El hombre llegó del sur de Inglaterra en un amanecer del invierno de 1877. Rojizo, atlético y obeso, resultó inevitable que casi todos lo creyeran inglés y lo cierto es que se parecía notablemente al arquetípico John Bull. Usaba sombrero de copa y una curiosa manta de lana con una abertura en el medio. Un grupo de hombres, de mujeres y de criaturas lo esperaba con ansiedad; a muchos les rayaba la garganta una línea roja, otros no tenían cabeza y andaban con recelo y vacilación, como quien camina en la sombra. Fueron cercando al forastero y, desde el fondo, alguno vociferó una mala palabra, pero un terror antiguo los detenía y no se atrevieron a más. A todos se adelantó un militar de piel cetrina y ojos como tizones; la melena revuelta y la barba lóbrega parecían comerle la cara. Diez o doce heridas mortales le surcaban el cuerpo como las rayas en la piel de los tigres. El forastero, al verlo, se demudó, pero luego avanzó y le tendió la mano.

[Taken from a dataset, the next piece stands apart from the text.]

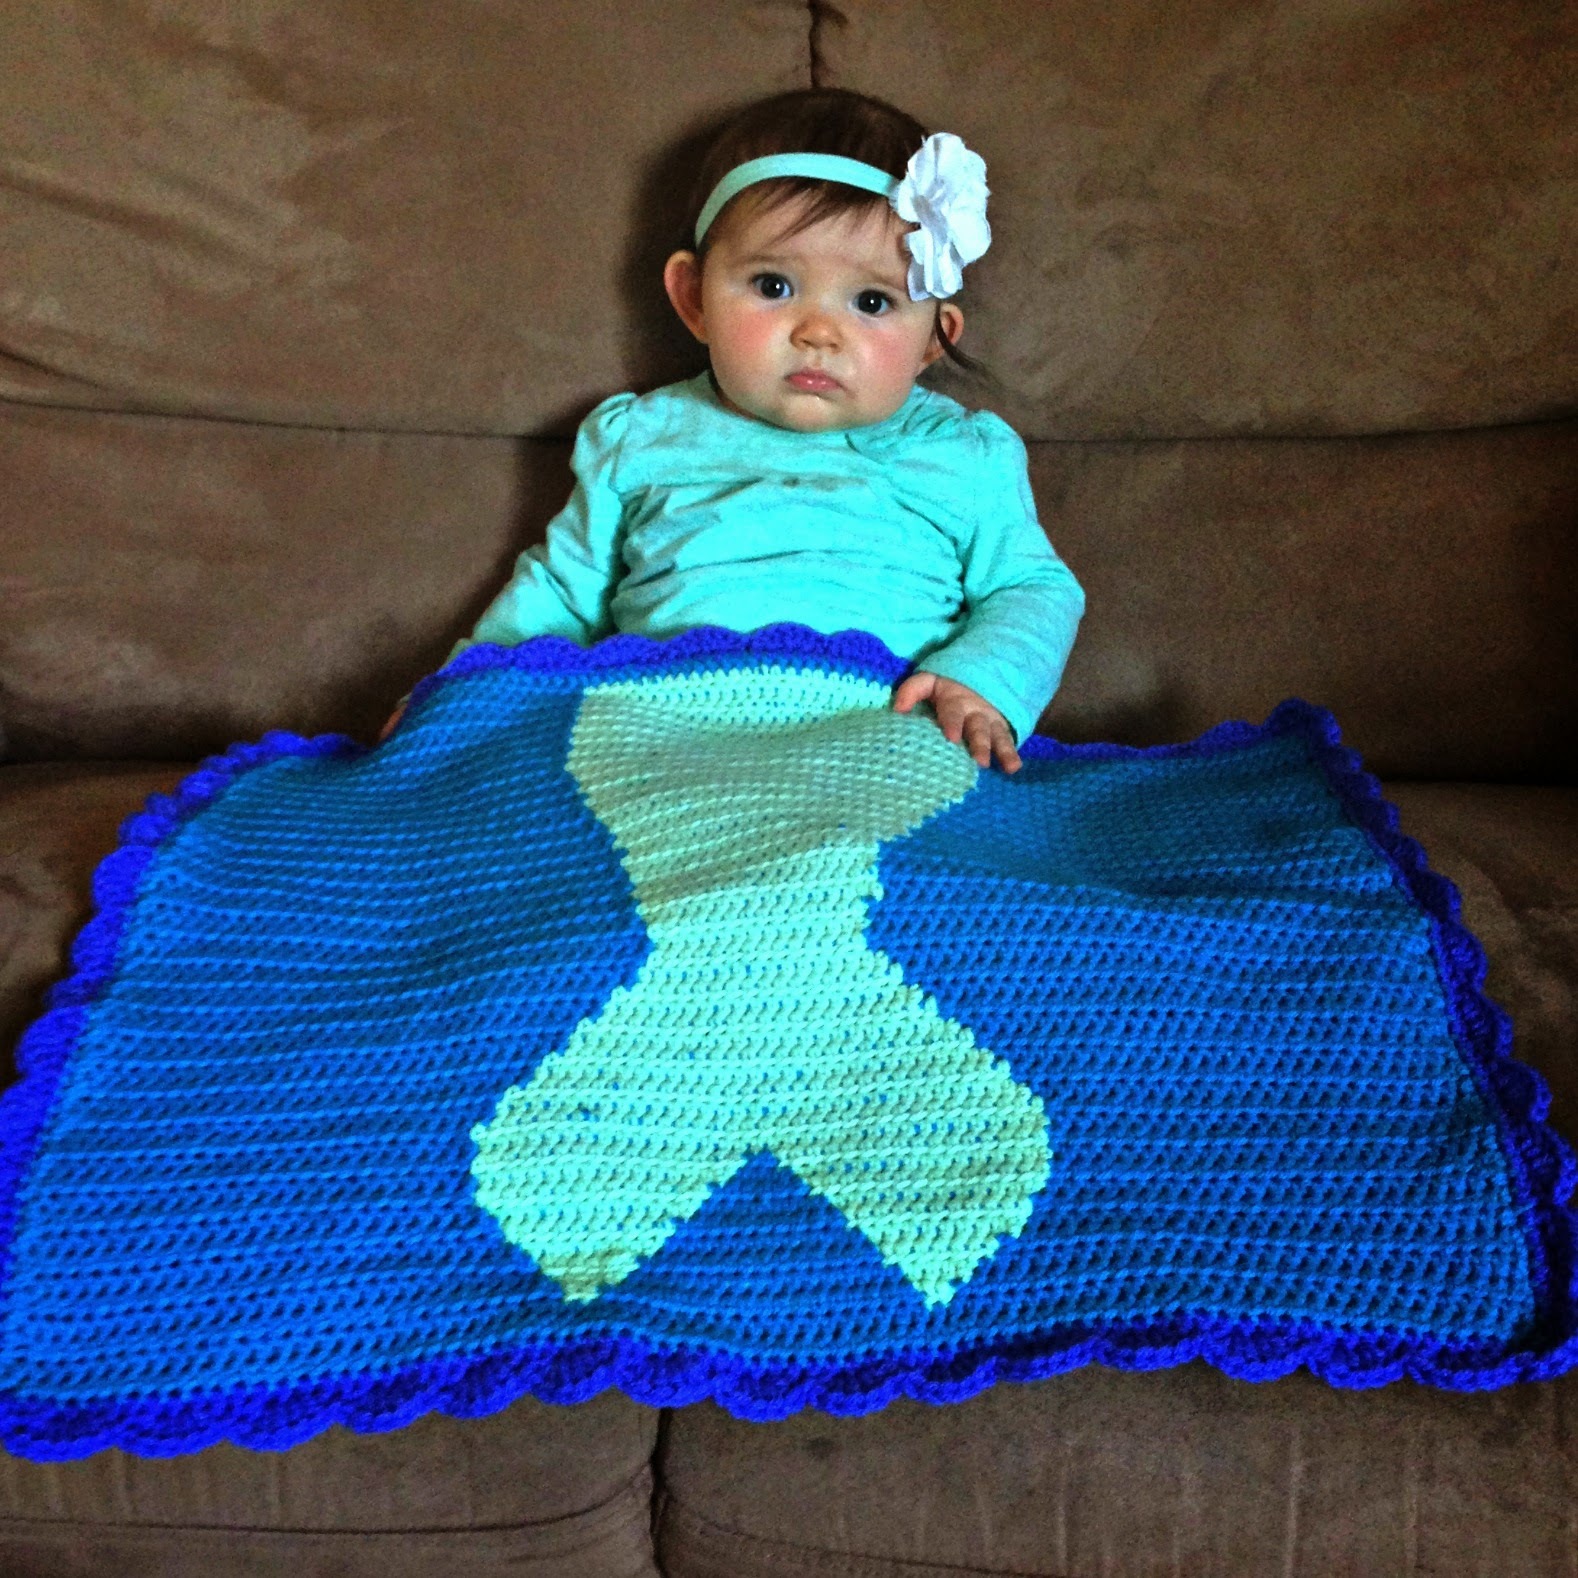 Mermaid Crochet Pattern For Baby Free Crochet Mermaid Tail Blanket Pattern Thefriendlyredfox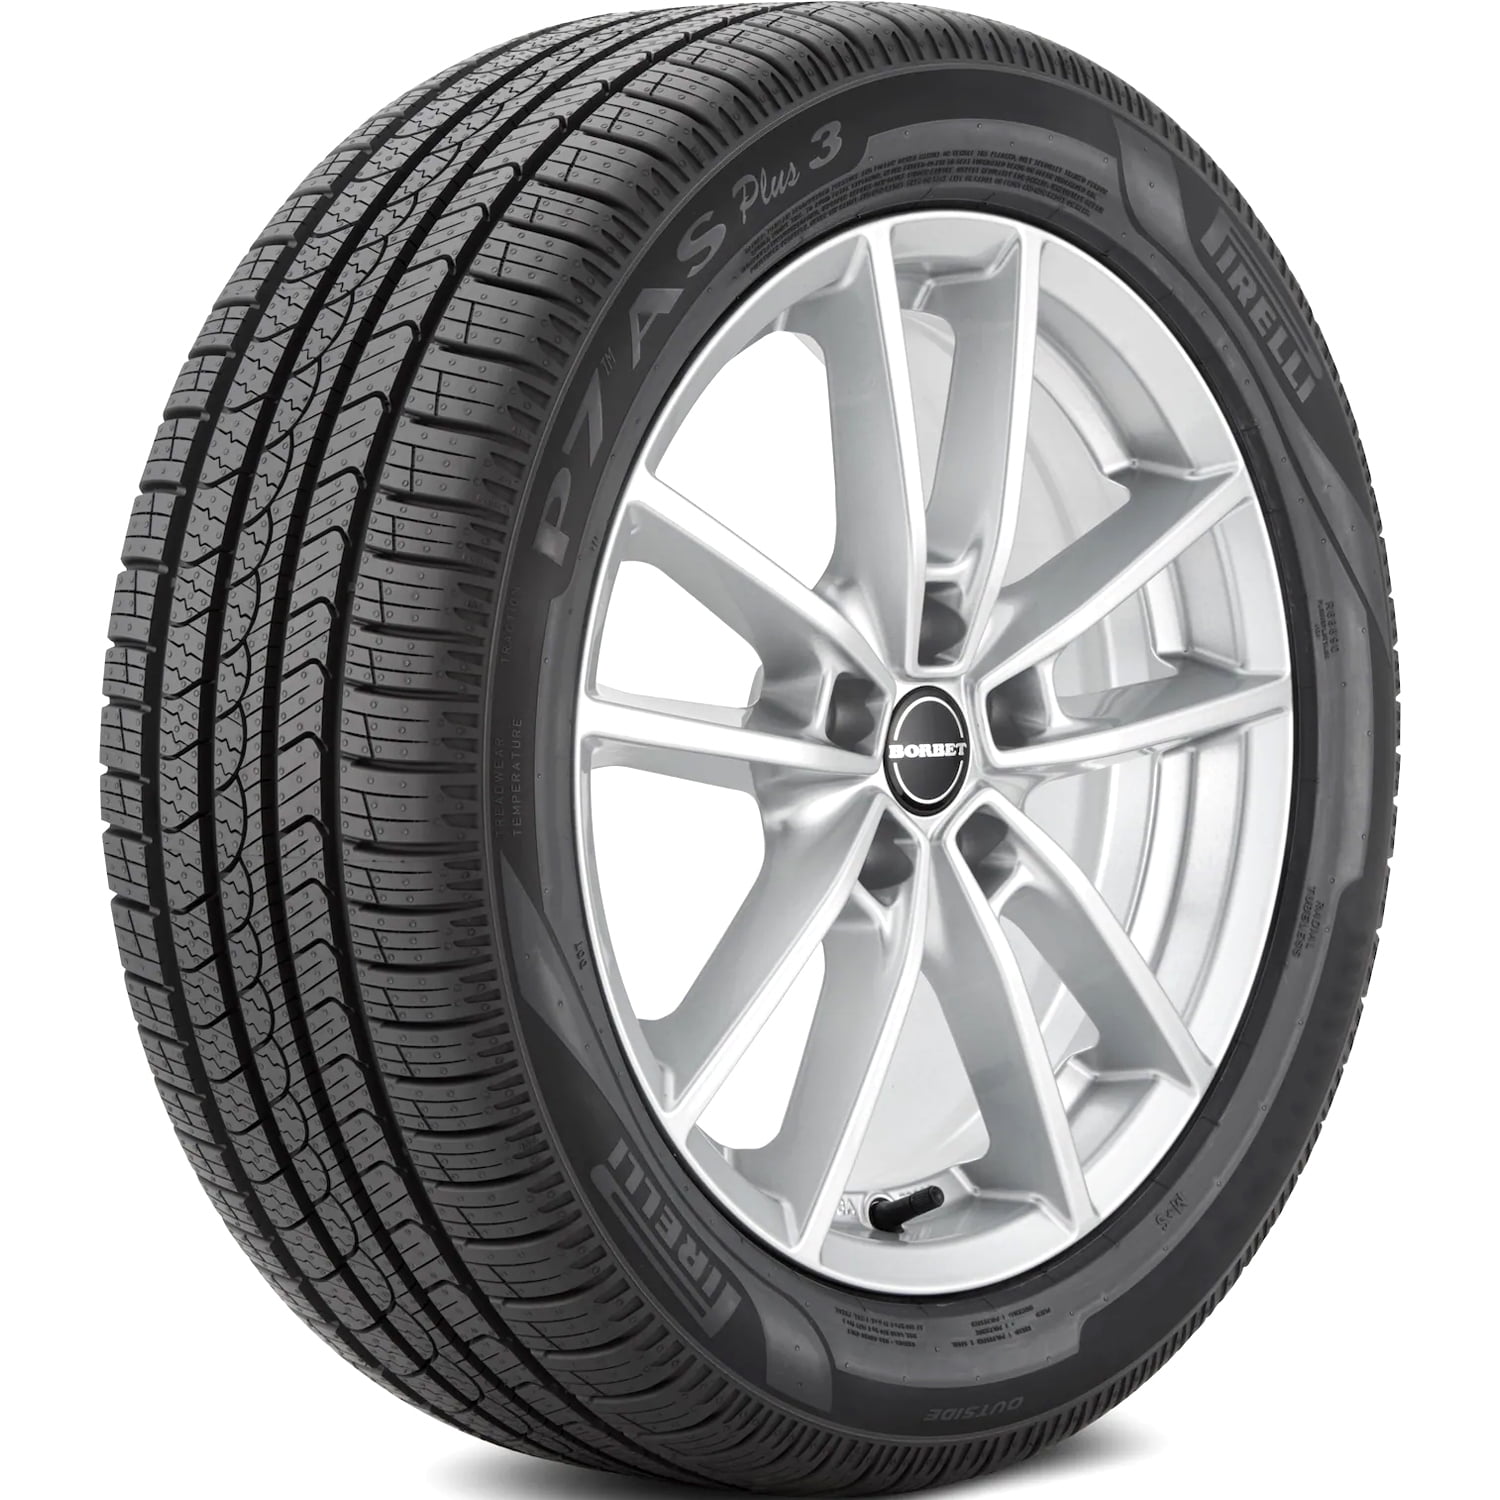 Tire Pirelli P7 AS Plus 3 215/45R17 91V XL A/S Performance

—¡Qué aflicción ver a un guerrero tan expectable derribado por las armas de la perfidia! —dijo en tono rotundo—. ¡Pero también qué íntima satisfacción haber ordenado que los victimarios purgaran sus fechorías en el patíbulo, en la Plaza de la Victoria!
—Si habla de Santos Pérez y de los Reinafé, sepa que ya les he agradecido —dijo con lenta gravedad el ensangrentado.
El otro lo miró como recelando una burla o una amenaza, pero Quiroga prosiguió:
—Rosas, usted no me entendió nunca. ¿Y cómo iba a entenderme, si fueron tan diversos nuestros destinos? A usted le tocó mandar en una ciudad, que mira a Europa y que será de las más famosas del mundo; a mí, guerrear por las soledades de América, en una tierra pobre, de gauchos pobres. Mi imperio fue de lanzas y de gritos y de arenales y de victorias casi secretas en lugares perdidos. ¿Qué títulos son ésos para el recuerdo? Yo vivo y seguiré viviendo por muchos años en la memoria de la gente porque morí asesinado en una galera, en el sitio llamado Barranca Yaco, por hombres con caballos y espadas. A usted le debo este regalo de una muerte bizarra, que no supe apreciar en aquella hora, pero que las siguientes generaciones no han querido olvidar. No le serán desconocidas a usted unas litografías muy primorosas y la obra interesante que ha redactado un sanjuanino de valía.
Rosas, que había recobrado su aplomo, lo miró con desdén.
—Usted es un romántico —sentenció—. El halago de la posteridad no vale mucho más que el contemporáneo, que no vale nada y que se logra con unas cuantas divisas.
—Conozco su manera de pensar —contestó Quiroga—. En 1852, el destino, que es generoso o que quería sondearlo hasta el fondo, le ofreció una muerte de hombre, en una batalla. Usted se mostró indigno de ese regalo, porque la pelea y la sangre le dieron miedo.
—¿Miedo?— repitió Rosas—. ¿Yo, que he domado potros en el Sur y después a todo un país?
Por primera vez, Quiroga sonrió.
—Ya sé —dijo con lentitud— que usted ha ejecutado más de una lindeza a caballo, según el testimonio imparcial de sus capataces y peones; pero en aquellos días, en América y también a caballo, se ejecutaron otras lindezas que se llaman Chacabuco y Junín y Palma Redonda y Caseros.
Rosas lo oyó sin inmutarse y replicó así:
—Yo no necesité ser valiente. Una lindeza mía, como usted dice, fue lograr que hombres más valientes que yo pelearan y murieran por mí. Santos Pérez, pongo por caso, que acabó con usted. El valor, es cuestión de aguante; unos aguantan más y otros menos, pero tarde o temprano todos aflojan.
—Así será —dijo Quiroga—, pero yo he vivido y he muerto y hasta el día de hoy no sé lo que es miedo. Y ahora voy a que me borren, a que me den otra cara y otro destino, porque la historia se harta de los violentos. No sé quién será el otro, qué harán conmigo, pero sé que no tendrá miedo.
—A mí me basta ser el que soy —dijo Rosas— y no quiero ser otro.
—También las piedras quieren ser piedras para siempre —dijo Quiroga— y durante siglos lo son, hasta que se deshacen en polvo. Yo pensaba como usted cuando entré en la muerte, pero aquí aprendí muchas cosas. Fíjese bien, ya estamos cambiando los dos.
Pero Rosas no le hizo caso y dijo como si pensara en voz alta:
—Será que no estoy hecho a estar muerto, pero estos lugares y esta discusión me parecen un sueño, y no un sueño soñado por mí sino por otro, que está por nacer todavía.
No hablaron más, porque en ese momento Alguien los llamó.